If you've ever handled fish, bait, or seafood, you've probably experienced this: you wash your hands and the smell is still there — even after multiple washes. So what's actually going on?
The short answer: Wendala's Fish Away Hand Scrub was built specifically for this problem — because regular soap simply isn't designed to solve it.
It's Not Dirt — It's Oil
Fish odor doesn't just sit on your skin — it binds to the natural oils in your hands. When you handle fish, bait, or seafood, odor compounds attach to the oils in your skin and settle into pores, lines, and around nails. Regular soap removes surface dirt but often doesn't fully break down those oils. That's why the smell lingers.
What Causes Fish Smell?
Fish odor comes from compounds like trimethylamine (TMA) and other amines — molecules that are strong-smelling, oil-binding, and difficult to remove with basic soap. Once they attach to skin oils, they don't rinse away easily. The more you handle fish, the deeper those compounds work into the oil layer on your skin.
Why Regular Soap Fails
Most soaps are designed to clean dirt and remove bacteria — but not to break down heavy oils or remove odor-causing compounds. That's why you wash once and still smell, wash twice and still smell, and eventually give up. The root problem — oil-bound odor — hasn't been addressed.
The Overwashing Problem
Many people try to fix the issue by washing repeatedly or using stronger soap. But this can dry out your skin while still leaving odor behind — because more soap doesn't solve the underlying problem.

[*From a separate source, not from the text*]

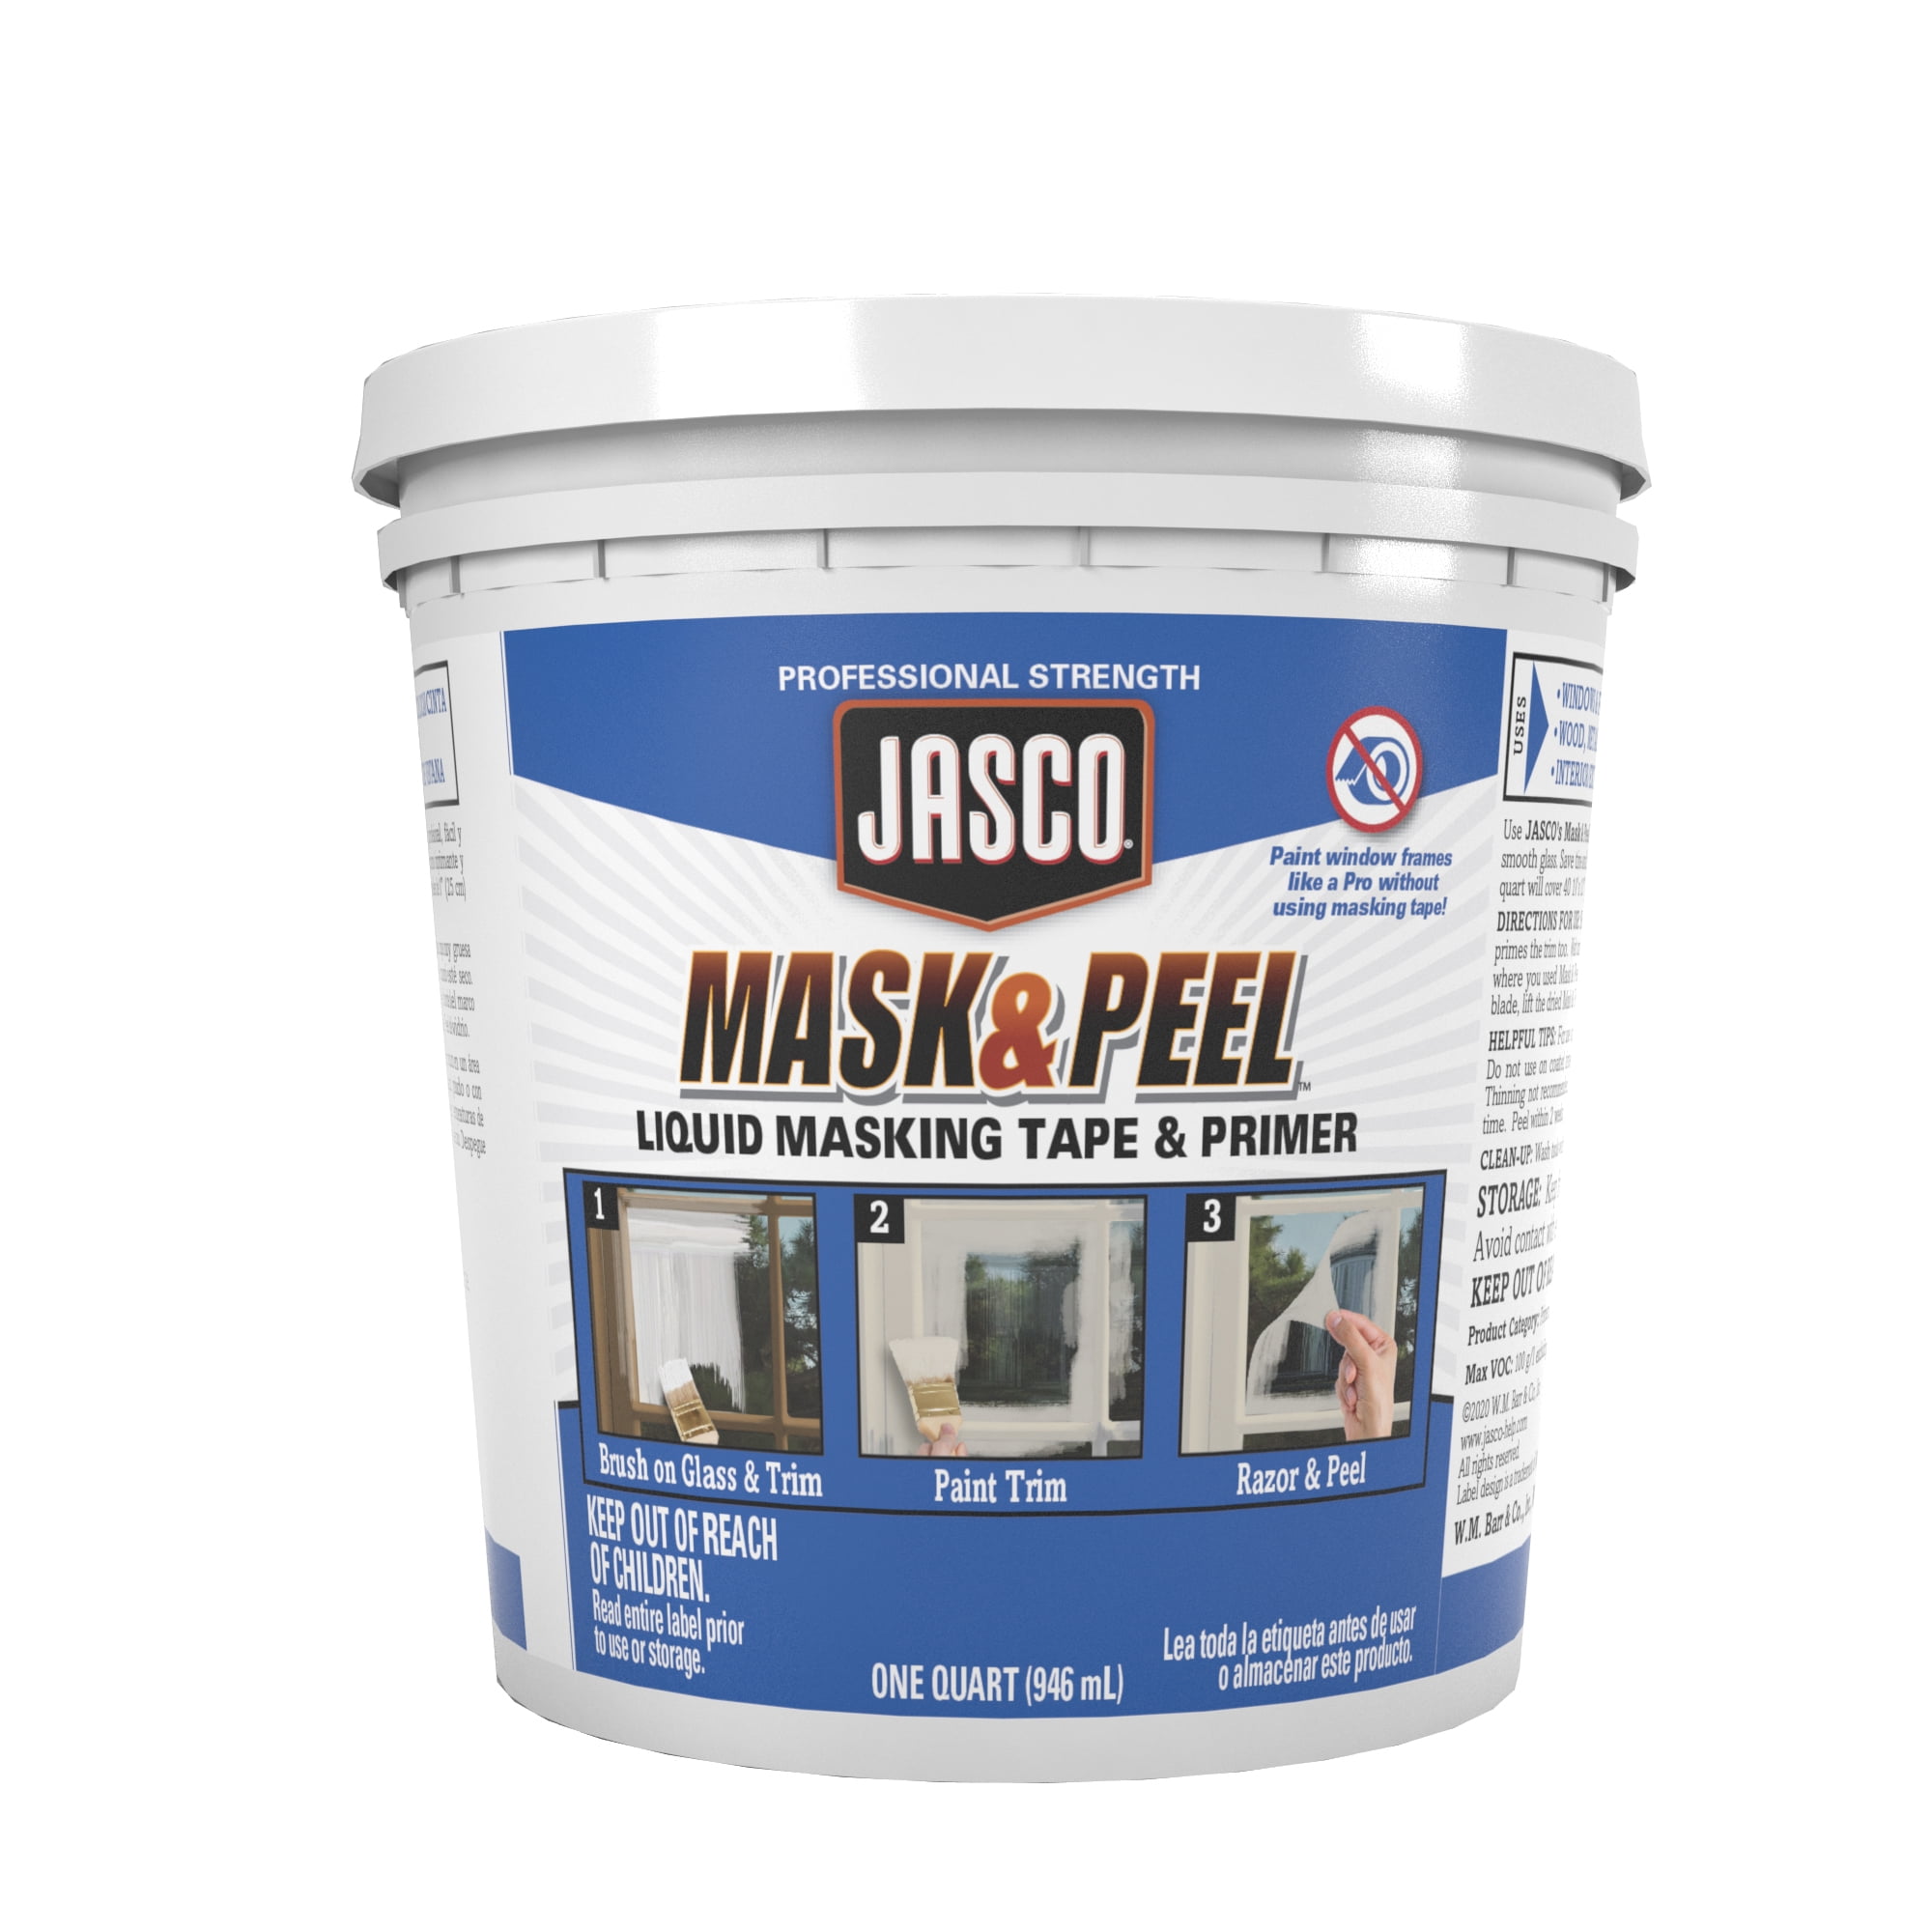 2 PACK Peel-Tek Liquid Masking Tape 1 Quart each

You're cleaning the surface over and over while the odor stays locked in the oil layer underneath.
What Actually Works
To truly remove fish smell, you need to break down the oil layer, lift odor compounds from the skin, and rinse everything away completely. This is why scrub-based solutions are more effective than soap alone. Wendala's Fish Away combines exfoliation with rinse-away action to remove fish oils and odor at the source — not just the surface.
Why Exfoliation Matters
Exfoliation removes the top layer where odor is trapped, cleans around nails and skin texture, and releases oil-bound compounds so they can be rinsed away. Sugar-based scrubs are particularly effective because they're strong enough to remove residue, gentle enough for repeated use, and dissolve completely clean with water — no grit left behind.
Final Takeaway
If your hands still smell after washing, it's not because you didn't wash enough. It's because you didn't remove the oil layer where odor lives. The fix isn't more soap — it's a different approach entirely.